Required from the data below: the exact lines starting at the line containing "The Regional Newspaper in Post-Soviet Russia" and ending at the line containing "IV International Visitors Programme", with both ends kept and all pictures dropped.
*** Opening of Source material ***
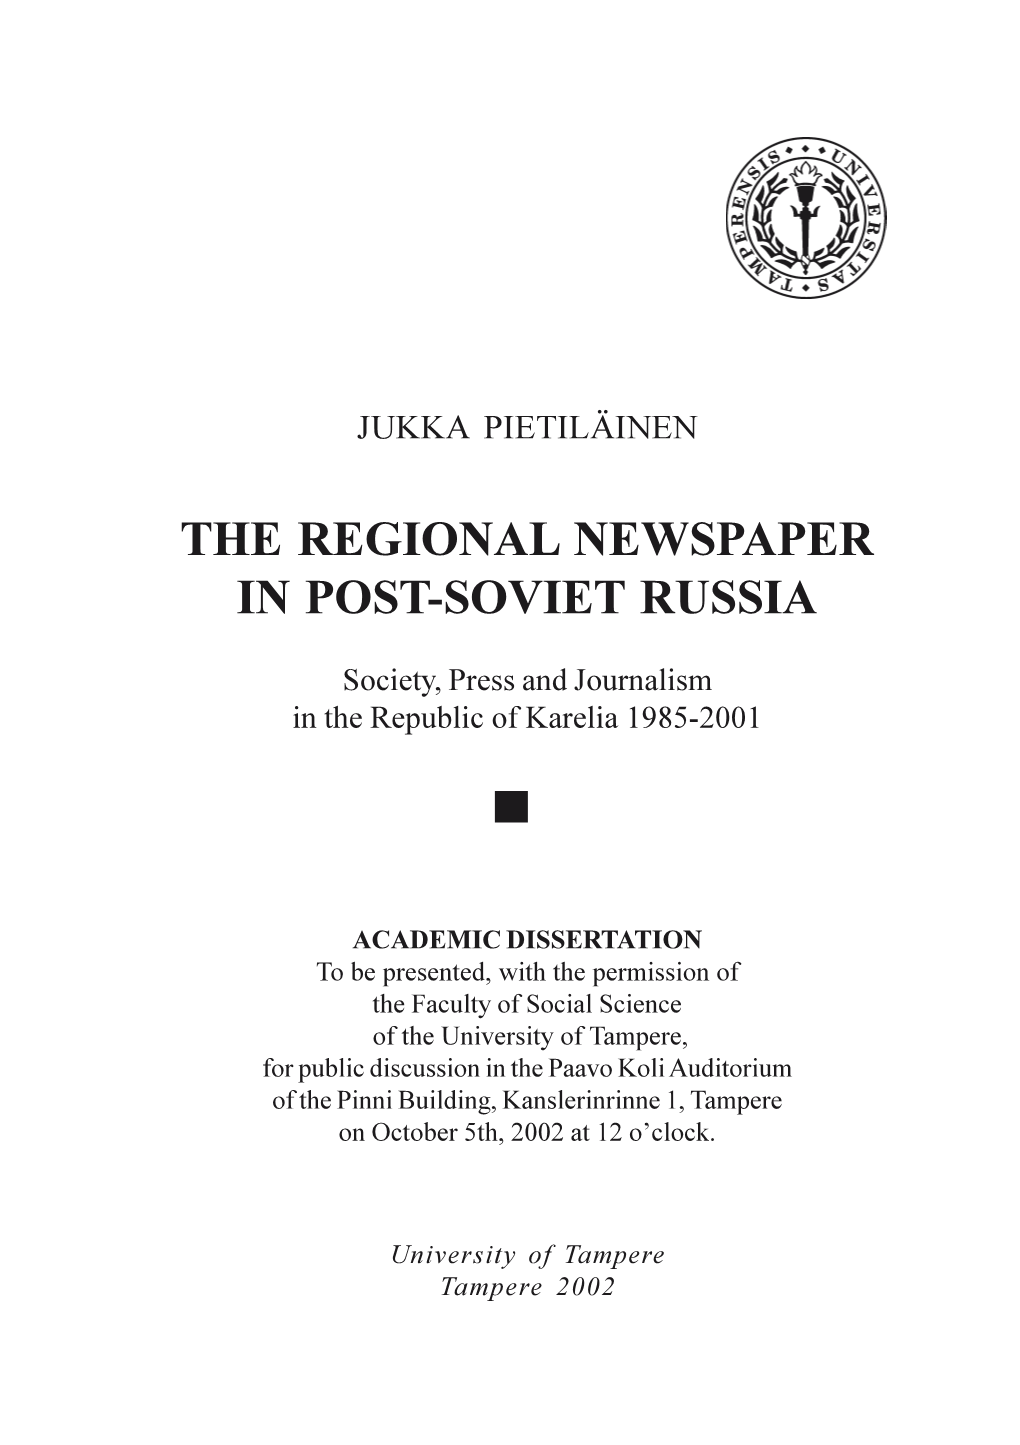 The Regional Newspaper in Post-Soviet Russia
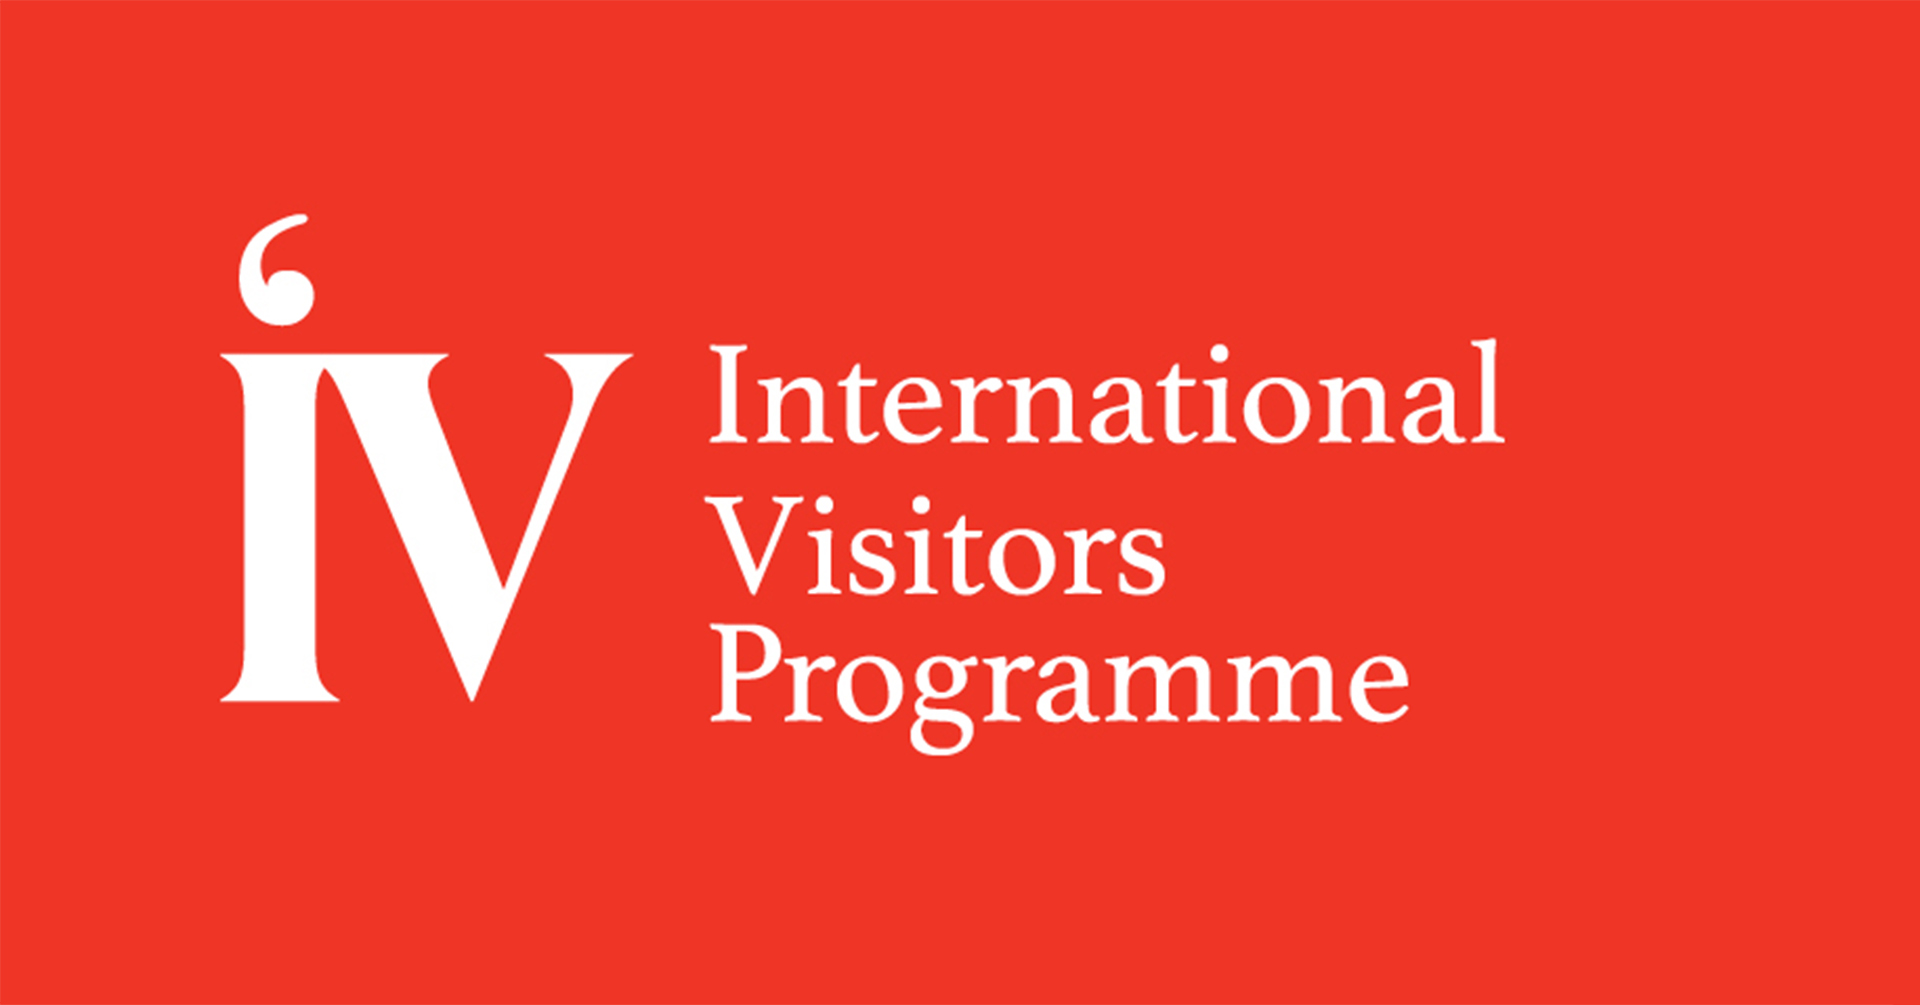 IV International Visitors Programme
*** Close of Source material ***
*** Opening of Source material ***
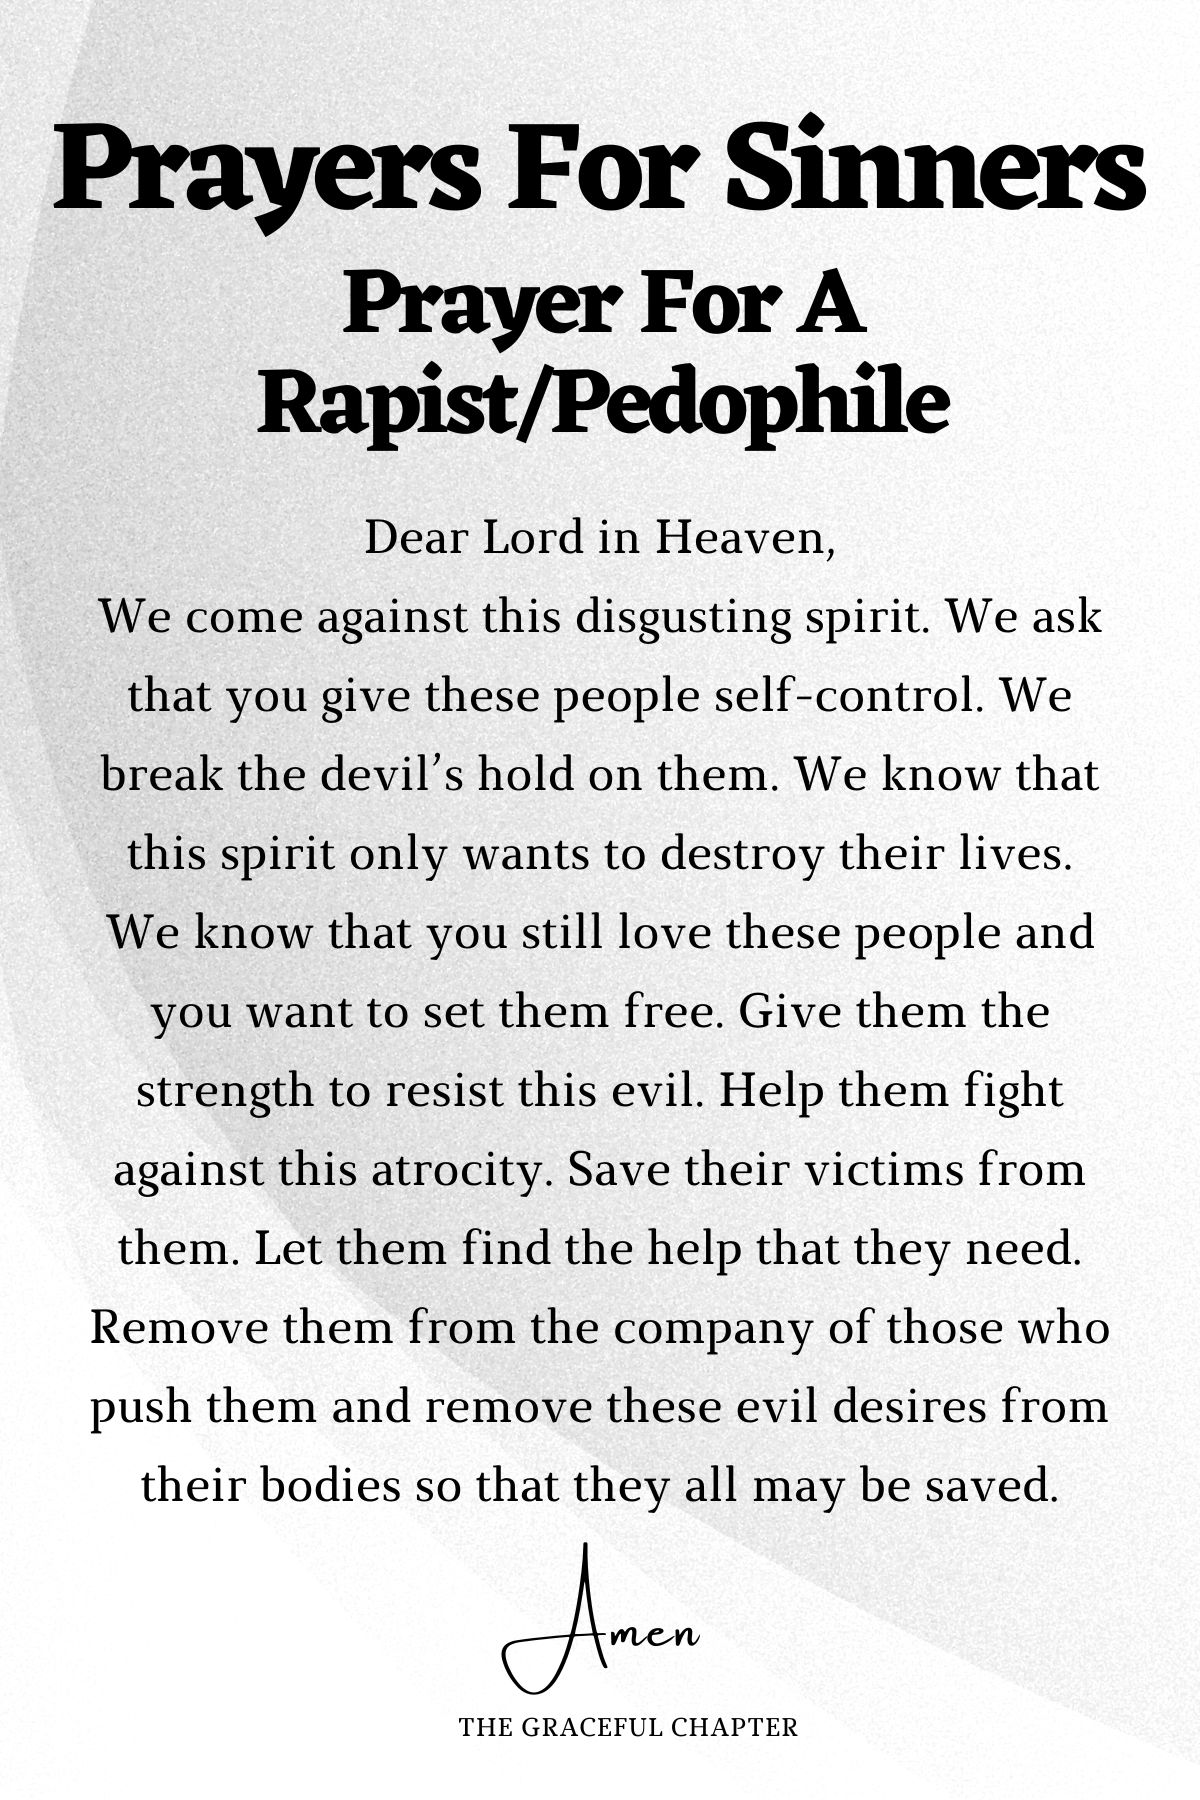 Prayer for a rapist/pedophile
*** Close of Source material ***
*** Opening of Source material ***
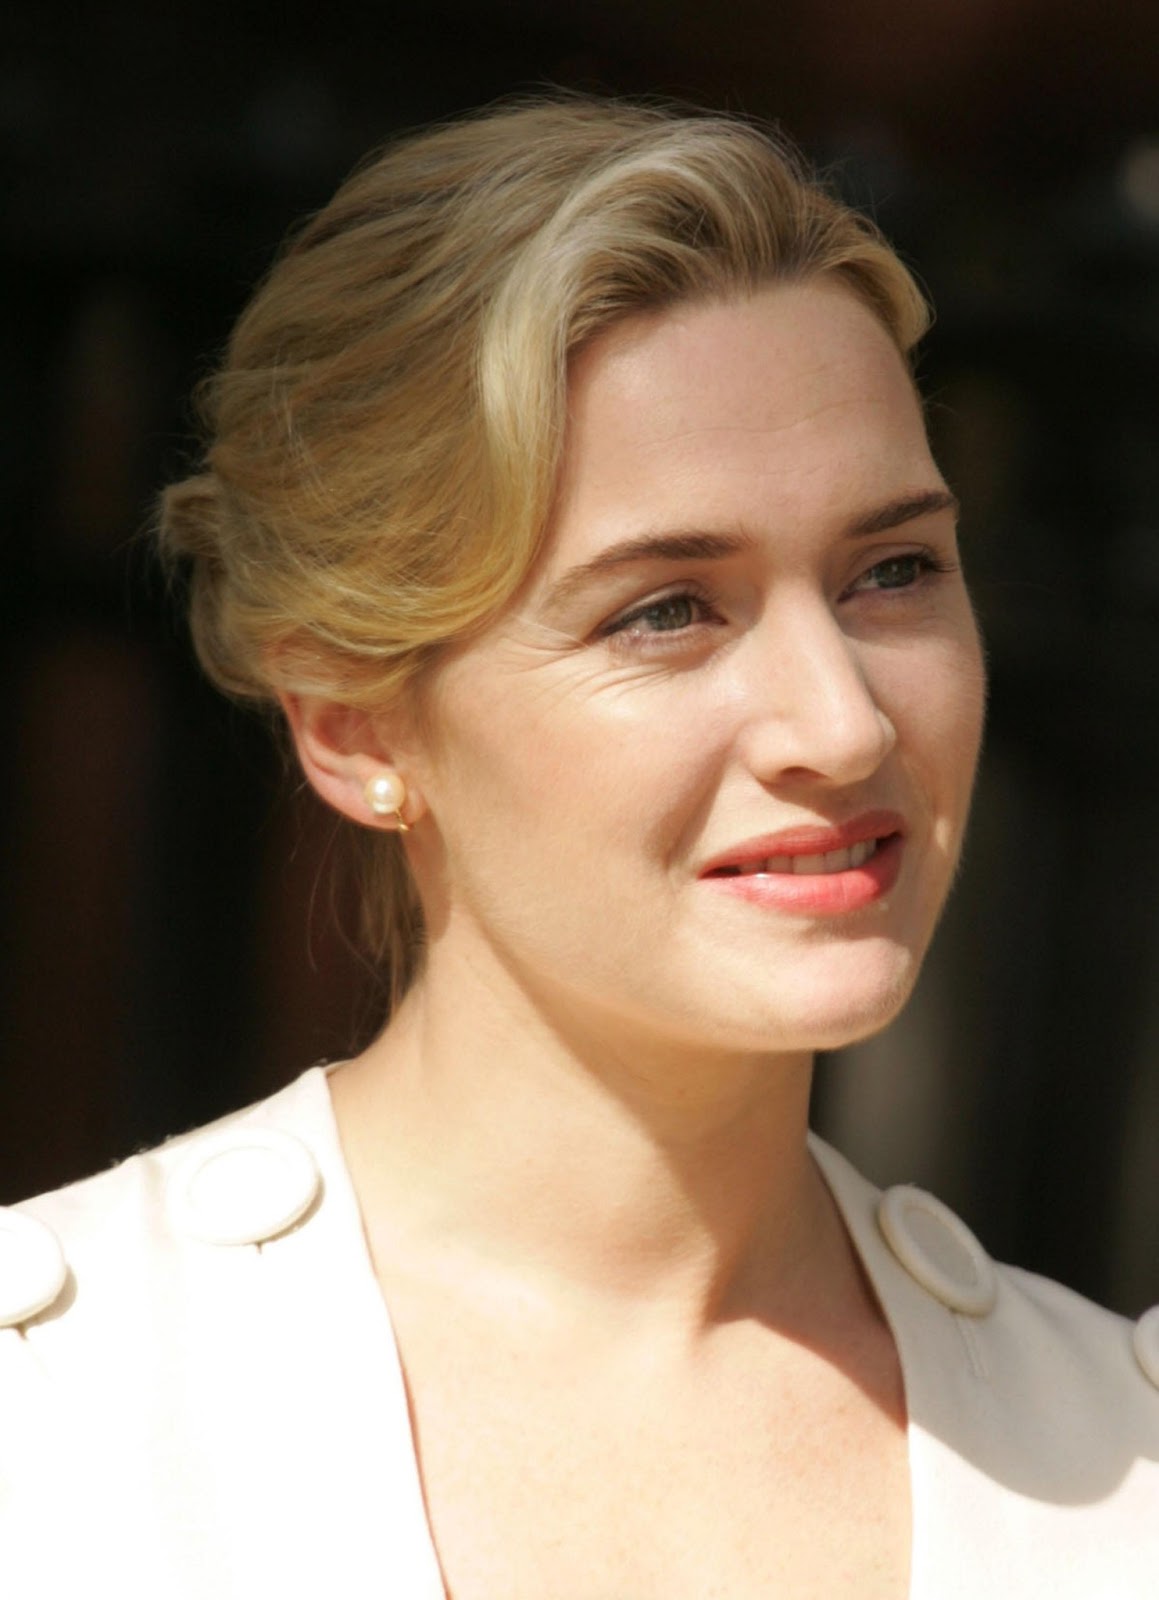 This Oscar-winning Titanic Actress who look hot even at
*** Close of Source material ***
**Reply to the exercise**
 The Regional Newspaper in Post-Soviet Russia
 IV International Visitors Programme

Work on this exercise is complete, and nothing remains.